---- Dataset section
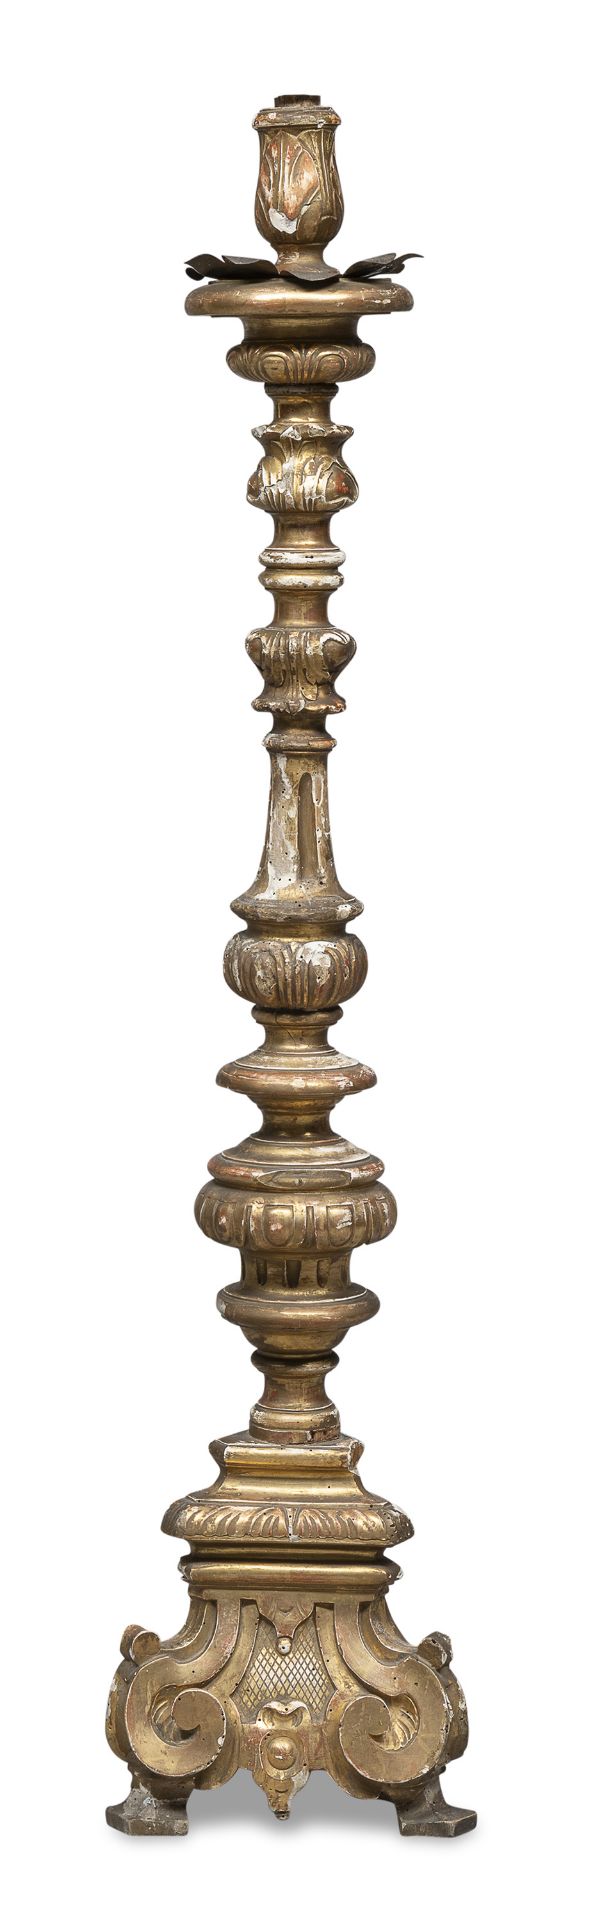 FLOOR CANDLESTICK IN GILTWOOD PROBABLY VENICE 18TH CENTURY
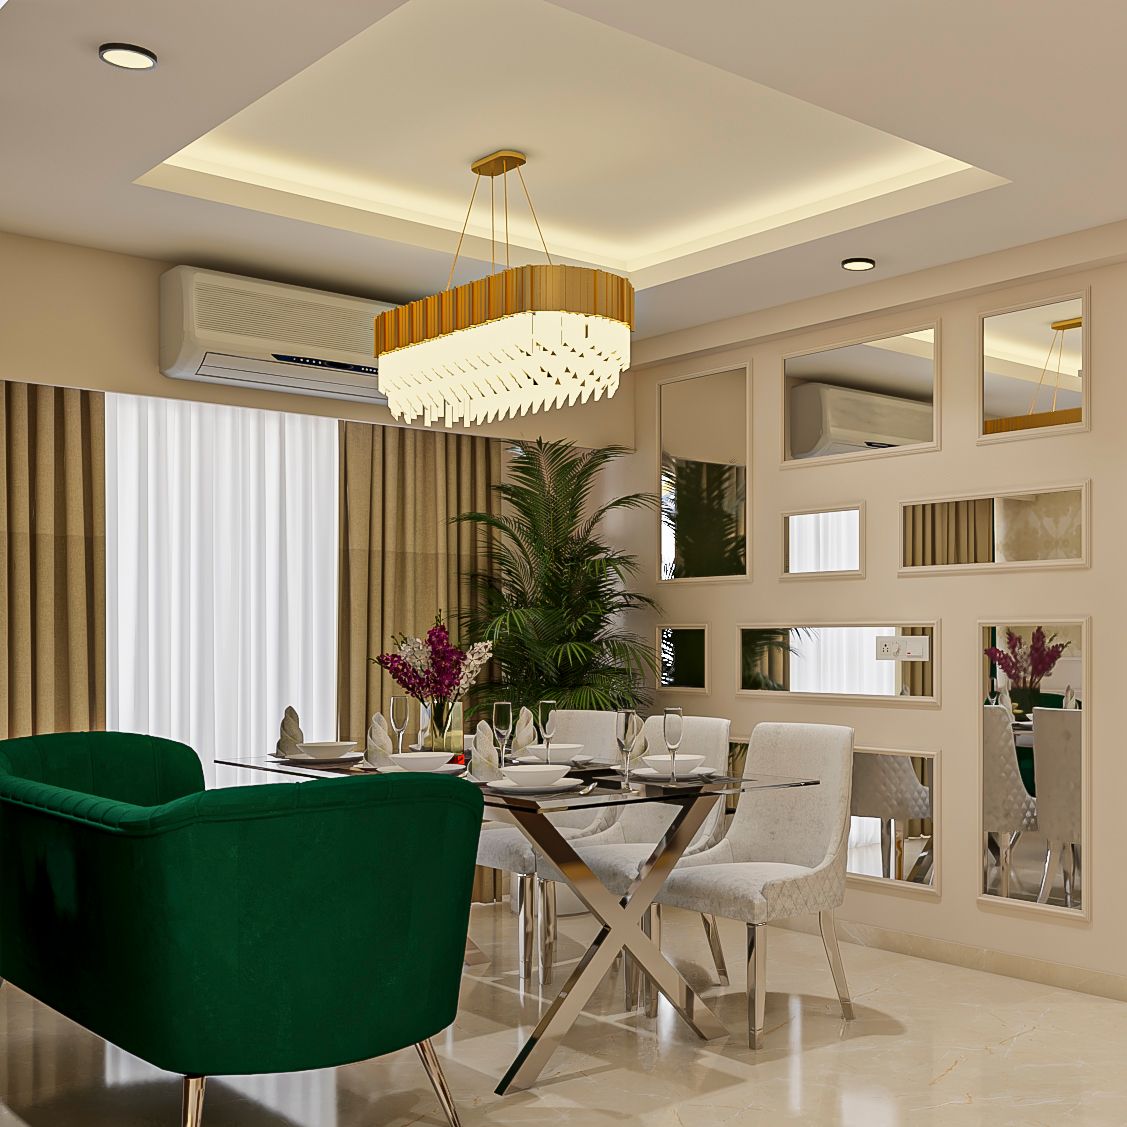 Contemporary White Square Peripheral Ceiling Design For Dining Room
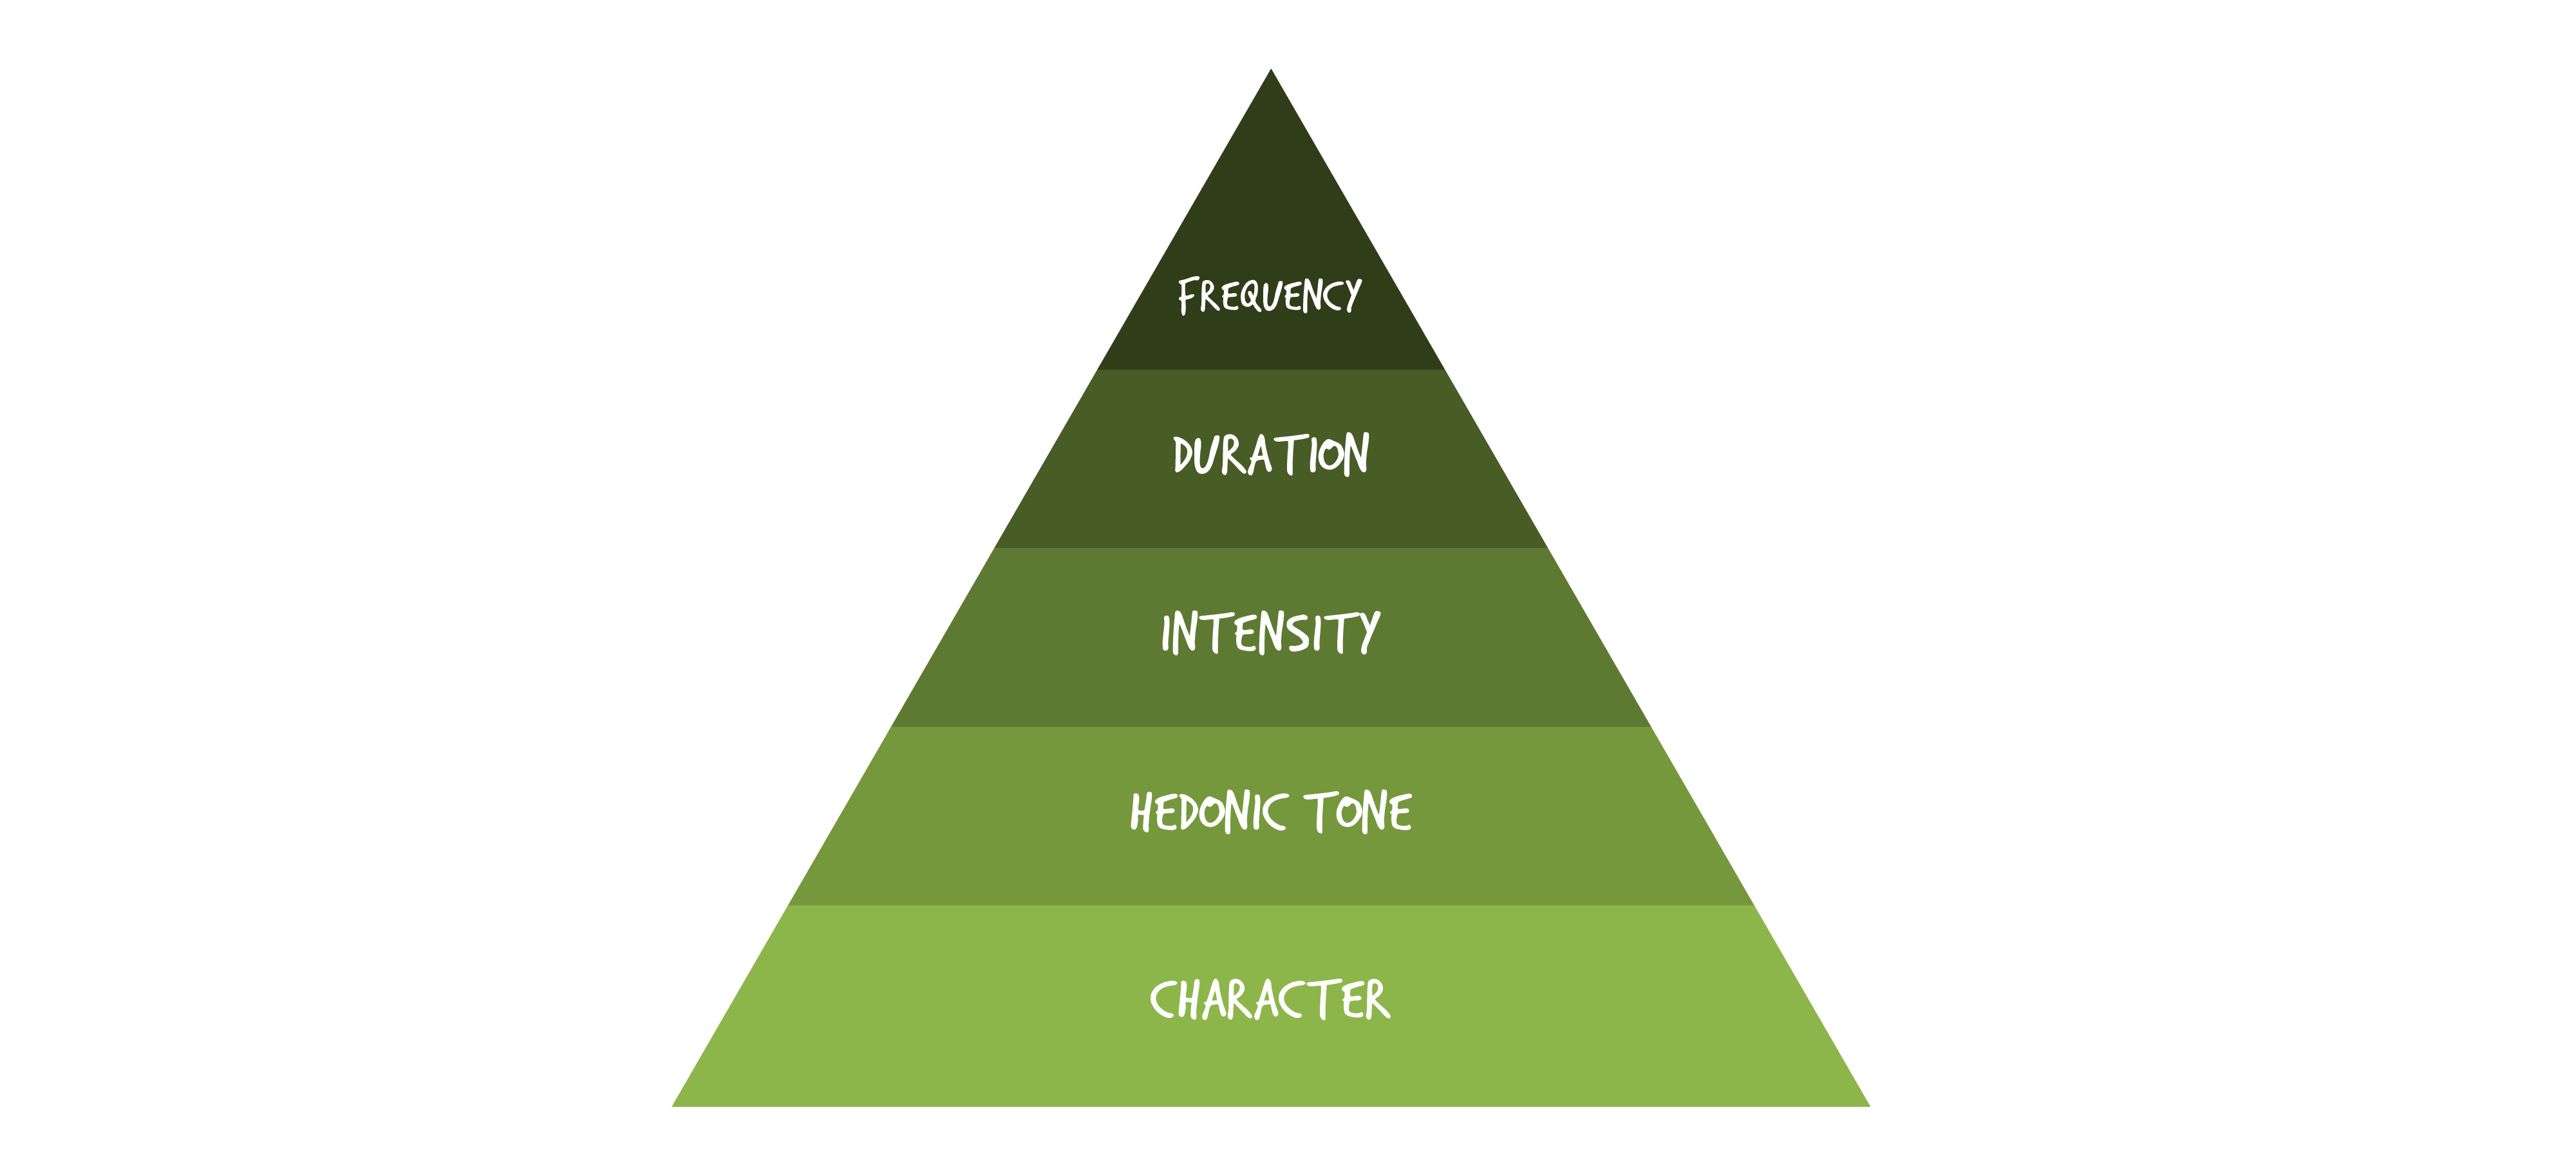 Pyramid with 5 layers going from dark to light green with text written on each layer. Top to bottom: Frequency, Duration, Intensity, Hedonic Tone, Character.
--------
#### [Instructions for the task]
The whole listing above, minus its pictures, is what you should write out word for word.

#### [Completed exercise]
 FLOOR CANDLESTICK IN GILTWOOD PROBABLY VENICE 18TH CENTURY
 Contemporary White Square Peripheral Ceiling Design For Dining Room
 Pyramid with 5 layers going from dark to light green with text written on each layer. Top to bottom: Frequency, Duration, Intensity, Hedonic Tone, Character.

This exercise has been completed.